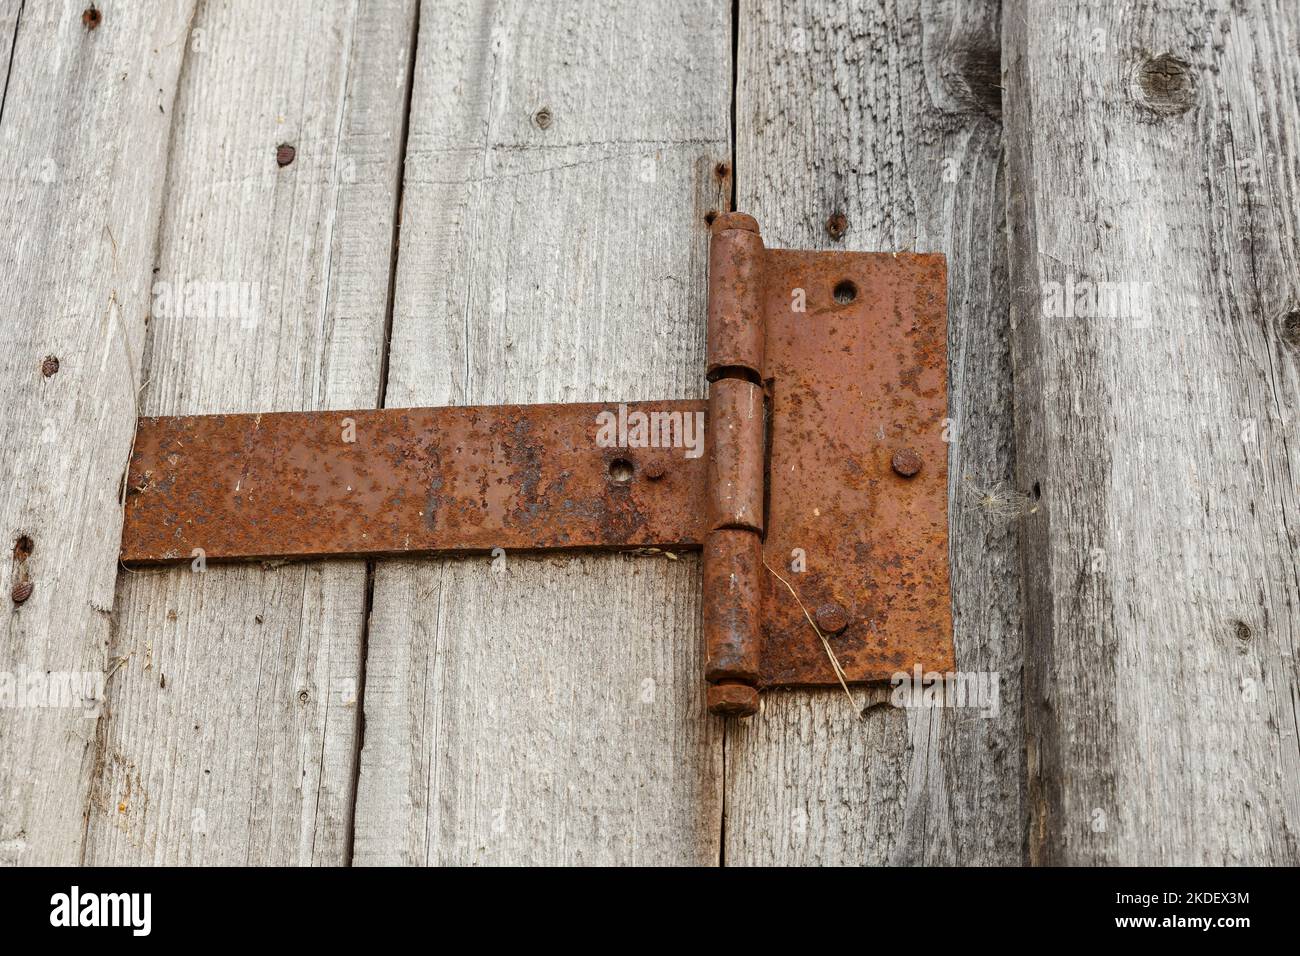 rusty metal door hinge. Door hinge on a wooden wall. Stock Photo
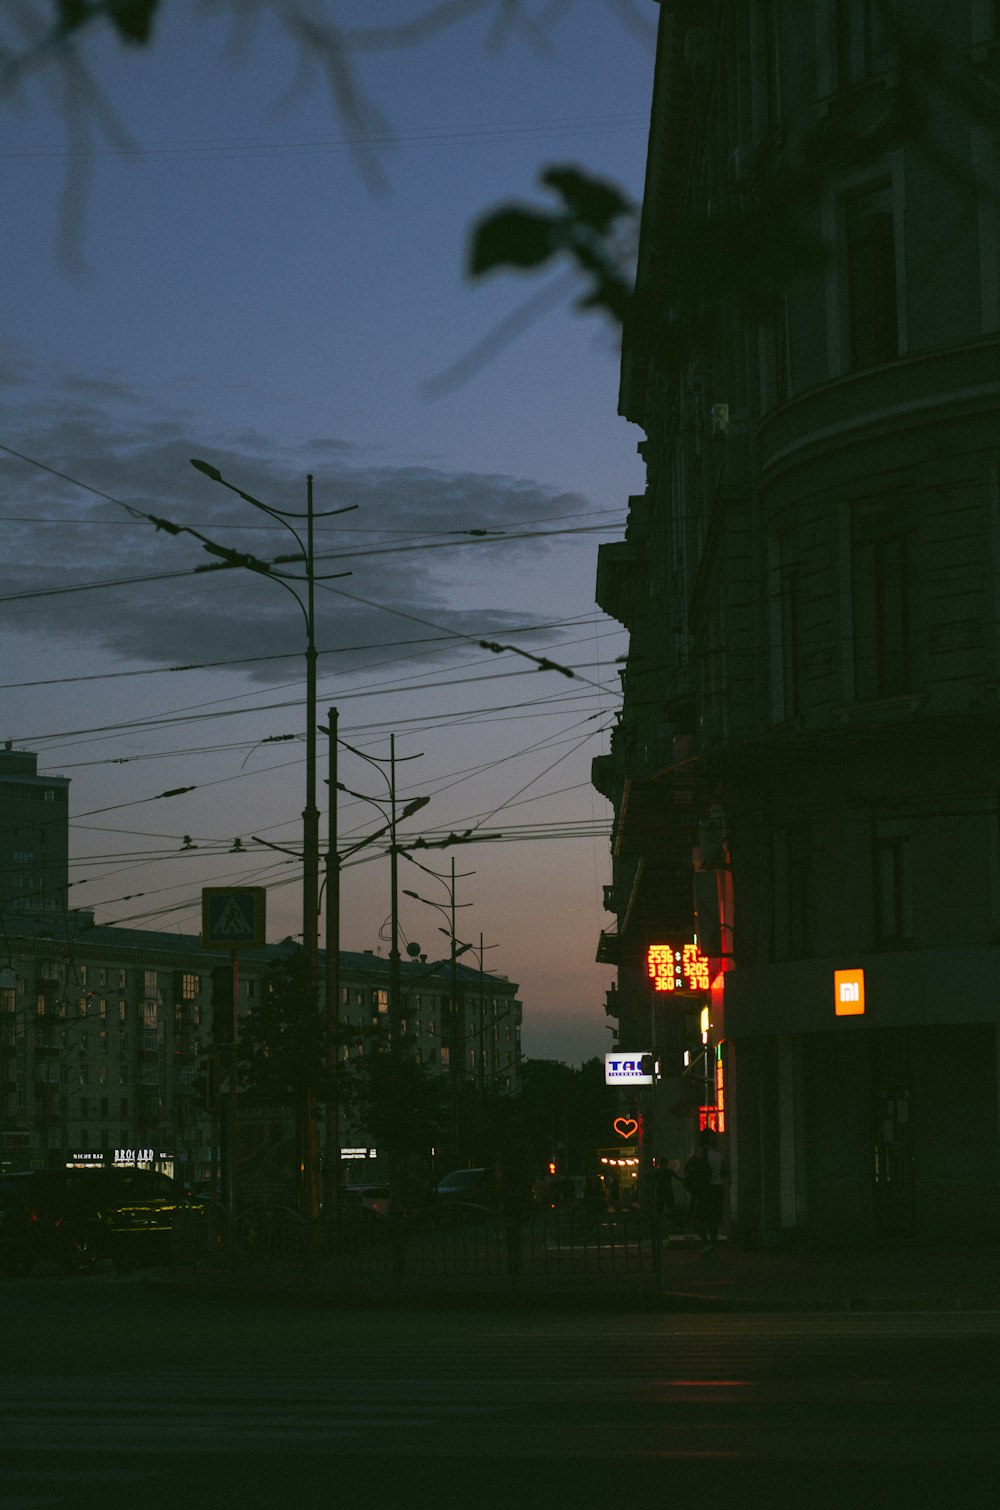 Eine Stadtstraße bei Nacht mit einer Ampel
= = =
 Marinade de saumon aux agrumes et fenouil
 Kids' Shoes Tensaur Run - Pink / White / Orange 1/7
= = =
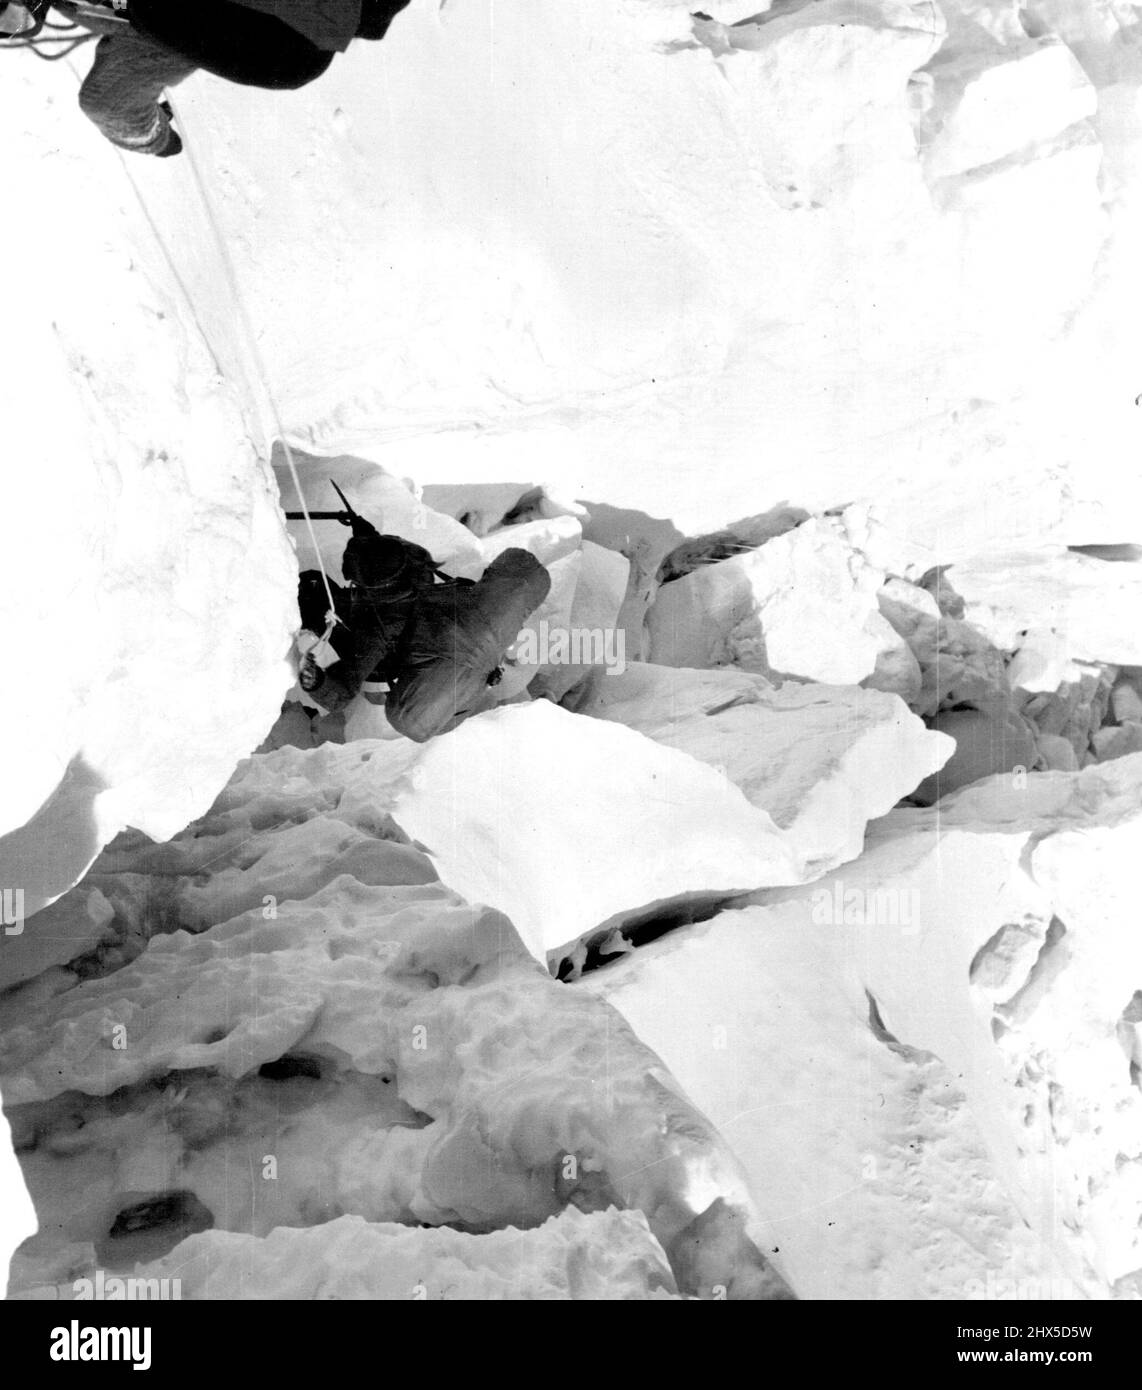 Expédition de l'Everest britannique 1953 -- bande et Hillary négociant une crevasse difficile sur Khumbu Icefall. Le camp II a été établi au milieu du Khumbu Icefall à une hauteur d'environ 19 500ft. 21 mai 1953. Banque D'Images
= = =
**Your assignment**
Begin at the line in the entries above that has "rusty metal door", stop after the line that has "Eine Stadtstraße bei Nacht mit einer Ampel", and output exactly those lines without pictures.

**Response to this task**
 rusty metal door hinge. Door hinge on a wooden wall. Stock Photo
 Eine Stadtstraße bei Nacht mit einer Ampel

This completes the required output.